Looking at media rankings of companies–“Most Innovative,” “Fastest-Growing,” or other roundups of various firms–we aren’t often surprised.  Take the magazine Fast Company.  For this month’s issue, they’ve listed “The World’s 50 Most Innovative Companies.”  Dominating the Top 4 are the perennial occupants of the corporate Cool Kids’ Table: Apple, Facebook, Google, and Amazon.

Normally, we’d let a list like this slide by without comment.  But then, there’s company #12:  Southern New Hampshire University.

Now that’s interesting.  After all, it’s not often we’ve seen a non-profit educational institution mentioned in (almost) the same breath as some of high-tech’s corporate juggernauts.

Apparently, Fast Company singled-out non-profit SNHU because of President Paul LeBlanc’s aggressive strategy to grow the school’s online degree program.  Reporter Anya Kamenetz writes:

“SNHU was a modest school when Le­Blanc joined as president in 2003, recognized for its culinary arts, business, and justice programs. Its online program was, as LeBlanc puts it, “a sleepy operation on a nondescript corner of the main campus. I thought it was squandering an opportunity.”

That little operation has turned into SNHU’s Center for Online and Continuing Education (COCE), the largest online-degree provider in New England. Its 10,600 students are enrolled in 120 graduate and undergraduate programs and specialties, everything from a sustainability-focused MBA to a creative-writing BA. Fifty more programs will be launched this year, and the COCE recently tested TV ads in national markets such as Raleigh, North Carolina; Milwaukee; and Oklahoma City. LeBlanc hopes that by 2014 SNHU will boast the country’s biggest online not-for-profit education system.”

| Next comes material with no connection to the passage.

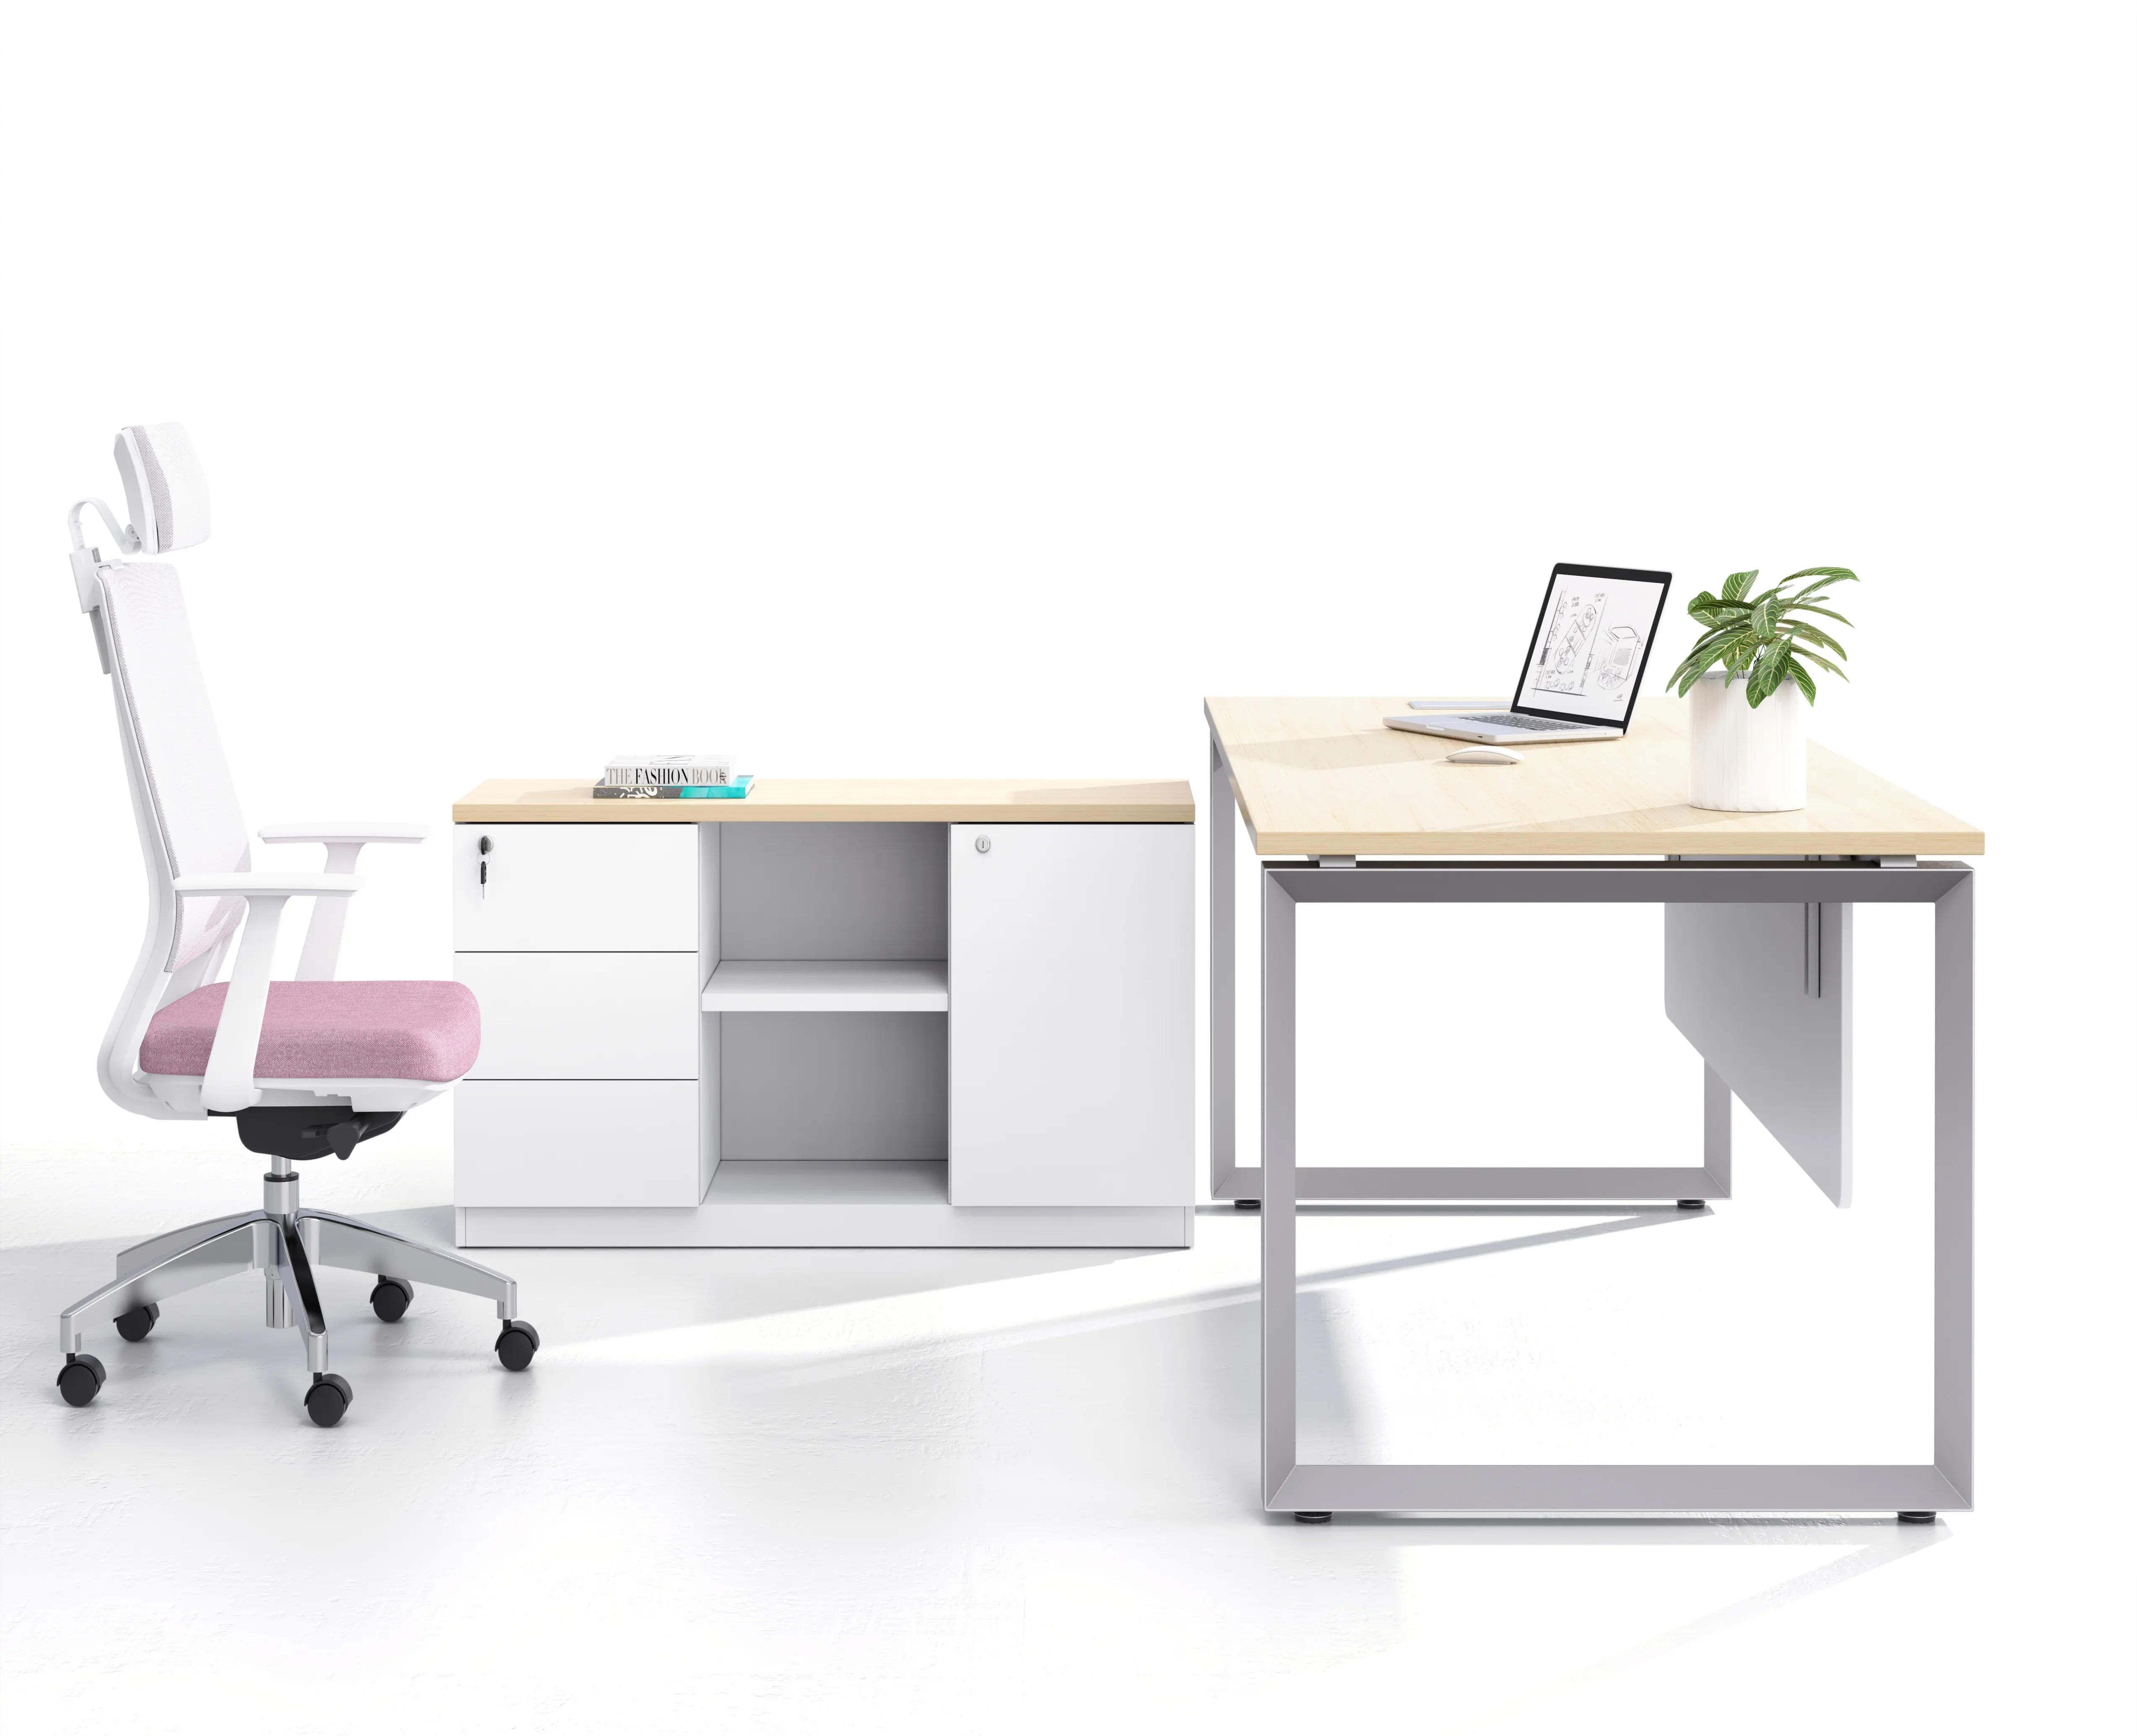 Hot sell Ceo Luxury Modern Design Boss Office Furniture Set Manager Desk Table L Shaped White Executive Desk frame leg

And thanks to the heavy fire for-profit online degree programs are taking in Congress and the media, Kamenetz notes SNHU has plenty of room to expand into the realm of digital degrees.  The university’s also worked on more aggressive customer service for students.  And writes the changes are starting to pay off:

“COCE’s booming revenue, which is up to $74 million annually from $10 million…[since] 2007, helps subsidize the main campus. Like most not-for-profit colleges, SNHU runs at a loss, but doesn’t need to impose the double-digit annual tuition increases that are standard elsewhere.”

Despite the school’s overall success, Kamenetz writes that LeBlanc is pushing for a large-scale overhaul of SNHU’s business model.  One example is a new degree program set to debut in the fall:

“Based in part on free Creative Commons-licensed open educational resources that can be delivered on e-readers, the program will be self-paced and will give students access to multiple kinds of support: peers online, faculty experts, and people from their local communities…LeBlanc envisions making the learning materials available for free, much like MIT’s Open Courseware; students would pay only for faculty time if they need it and for competency-based assessments, including portfolio reviews, in order to get course credit.”